4) I learned that one needs to go on through the pain. It is a bad idea—even a dangerous idea—to let myself go when I am waiting on something. I knew that going on was the best idea. I still had devotions, I prayed about what was going on, and I kept the house clean. I continued working at school. Maybe the biggest breakthrough was Tuesday night, where I forced myself to think about what an illustrated children’s version of the story of Barak and Sisera would be like, and refused to let myself dwell on what was going to happen to the cat. That drive translated to more productive times at school as well.

5) I guess I learned something about the stages of grief. I really did go through some anger. For a while I was having real difficulty coping with the fact that I had signed a paper allowing my cat to be killed. It’s funny because I don’t feel that way right now—it’s only a memory. Even at the time, I knew the decision was right and logical, but the emotions are very powerful. One has to maintain some rationality even in grief. Smashing the cat carrier would not have been appropriate. Nor was it appropriate to keep saying, “I killed my cat.” CJ told me not to say that, and he was right.

CJ said at one point that I should “internalize” what I was feeling. He meant that I should remember these things, especially when I interact with people who are hurting.
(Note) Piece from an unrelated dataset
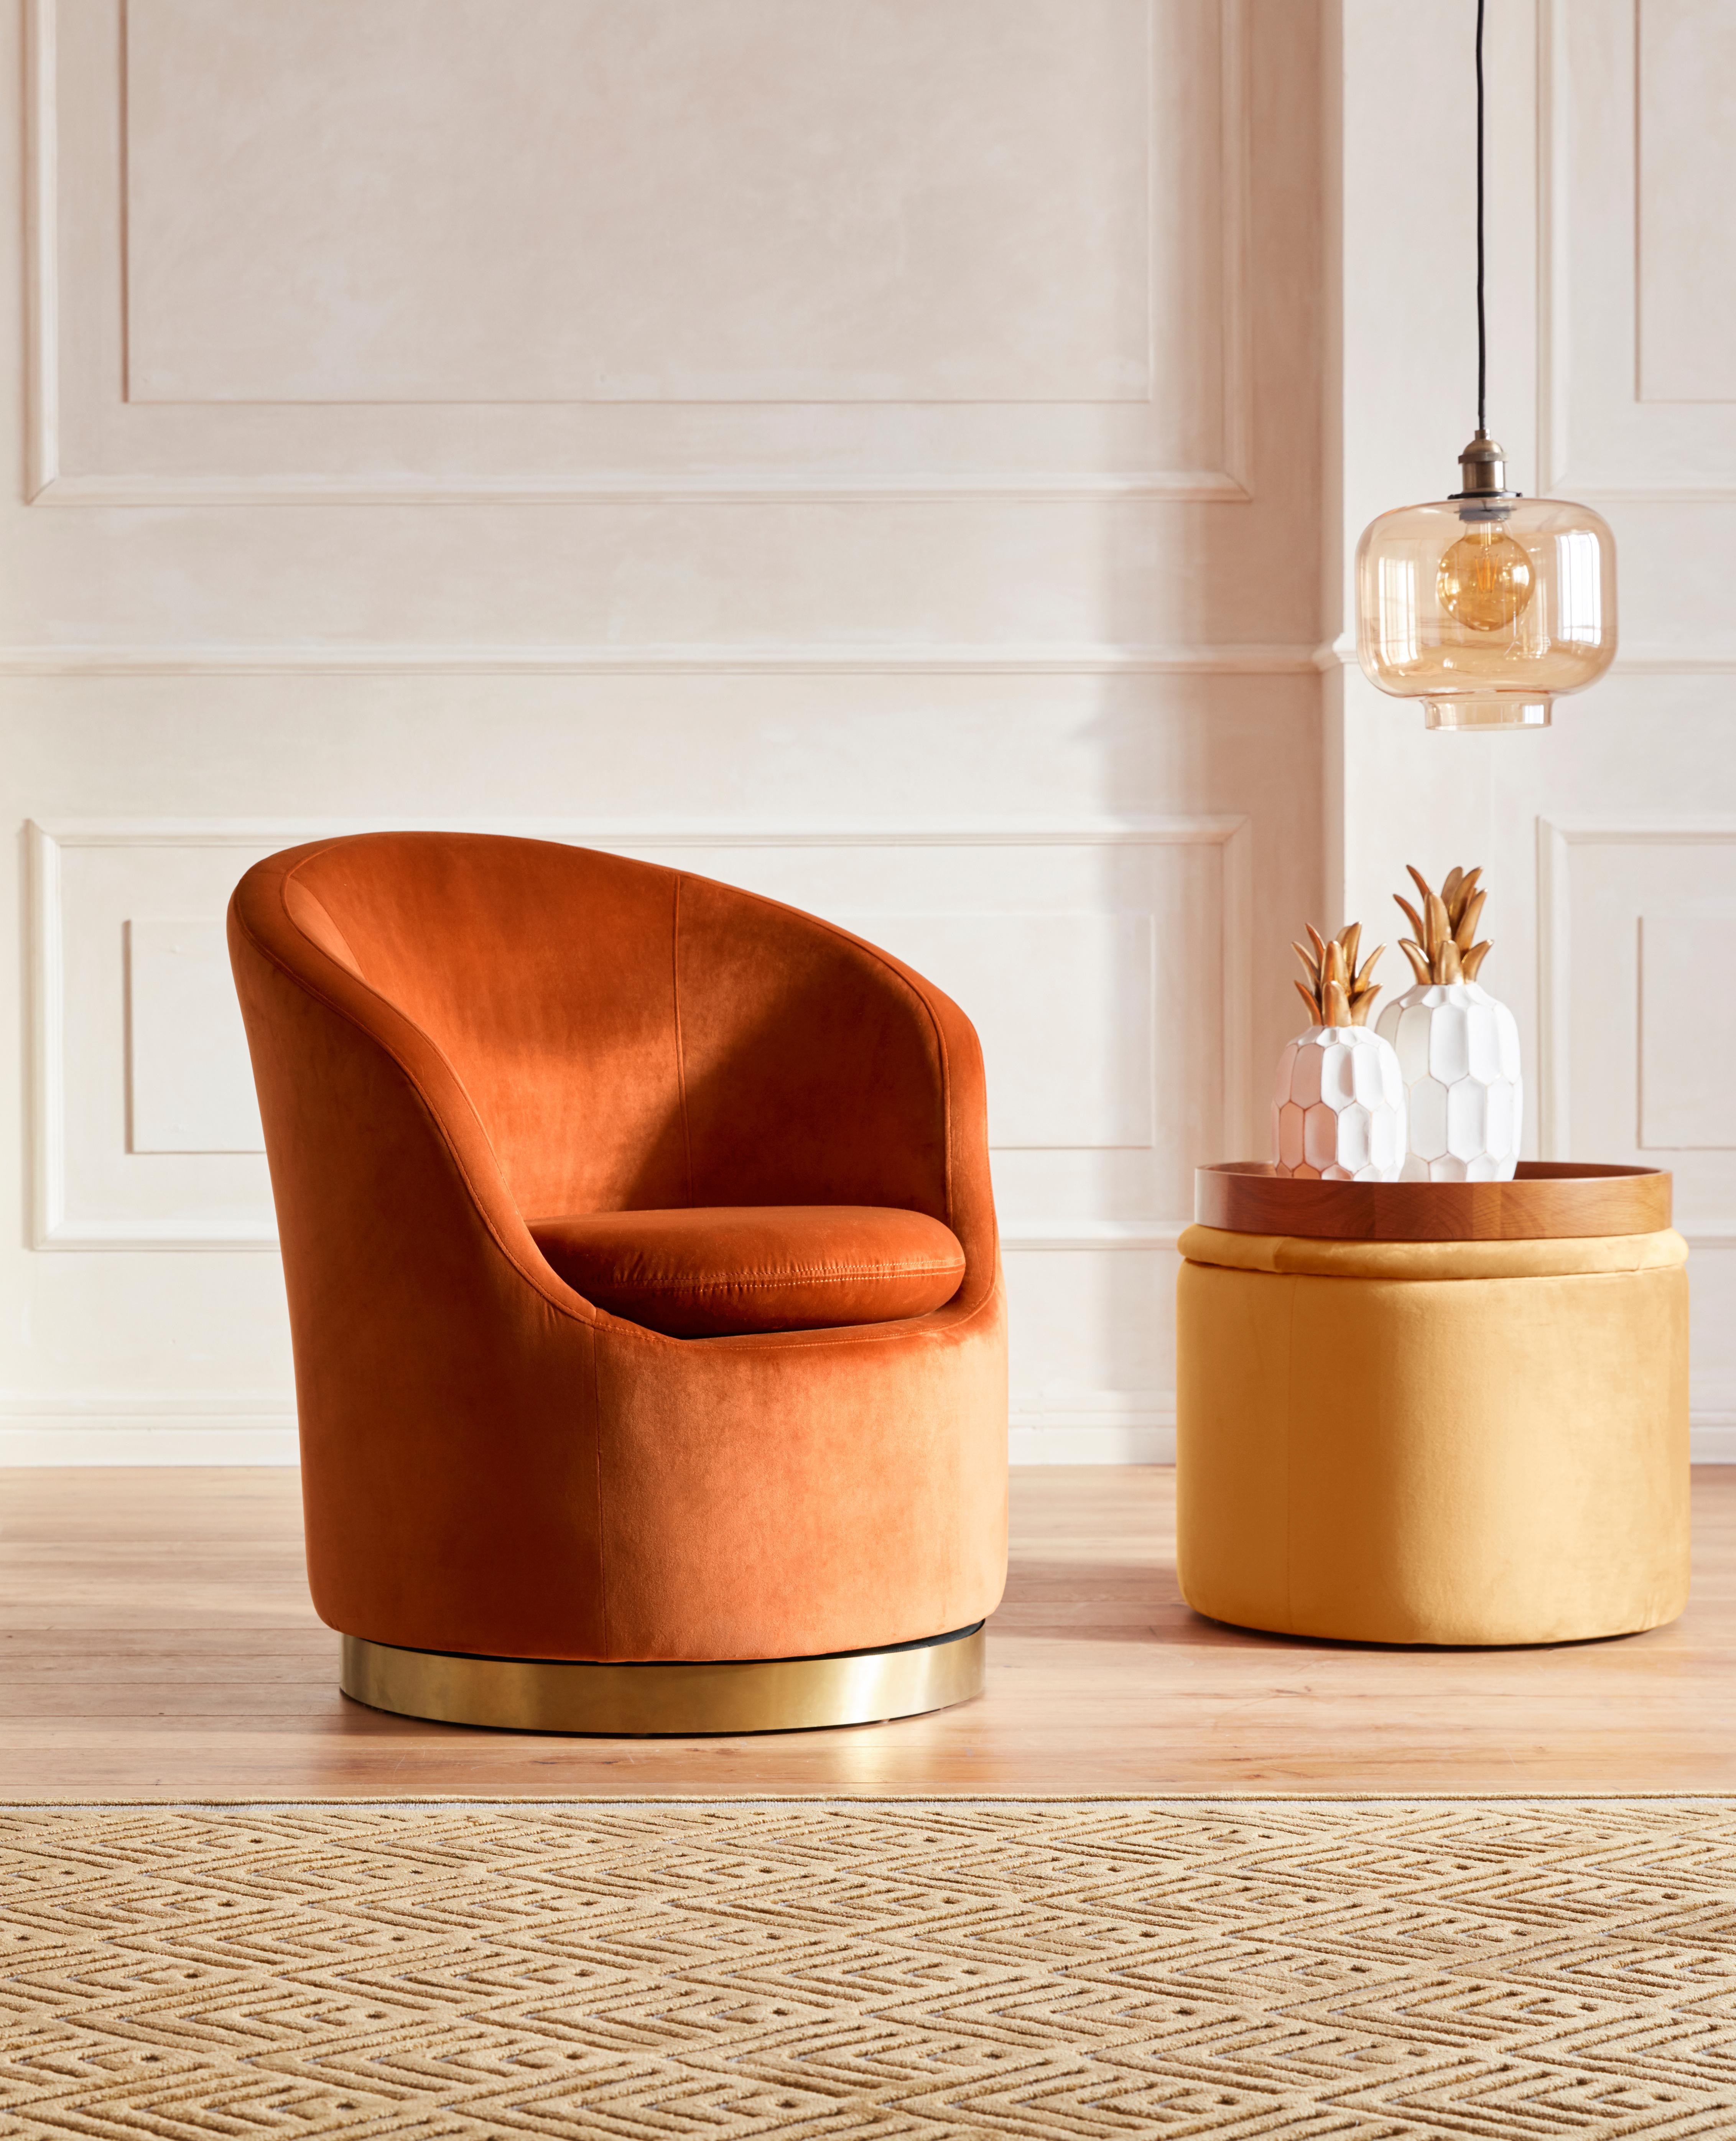 GMK Home & Living Sessel SUBOTICA mit Drehfunktion

Now I have an experience as an adult dealing with death. Of course the loss of a cat is nothing compared to the loss of a person. But this experience will have more value if I can learn from it—and if I must go through it, I want it to be useful.

I survived it, and that’s something. I had some conversation with the teacher across the hall from me this week. At one point I suggested that adversity does make one stronger—whatever doesn’t crush you makes you stronger (the testing of your faith?) and, as I told her, I won’t be crushed. Today she told me that I grieve well…on the way home, it occurred to me to hope wryly that I wouldn’t have many opportunities to practice.

Sometimes I wonder why…when some great event happens, something inside me asks God, “What do you want of me?” The answer that comes to me the soonest is from Micah 6:8: “And what does the Lord require of you? To walk justly, and to love mercy, and to walk humbly with your God.” And that’s it.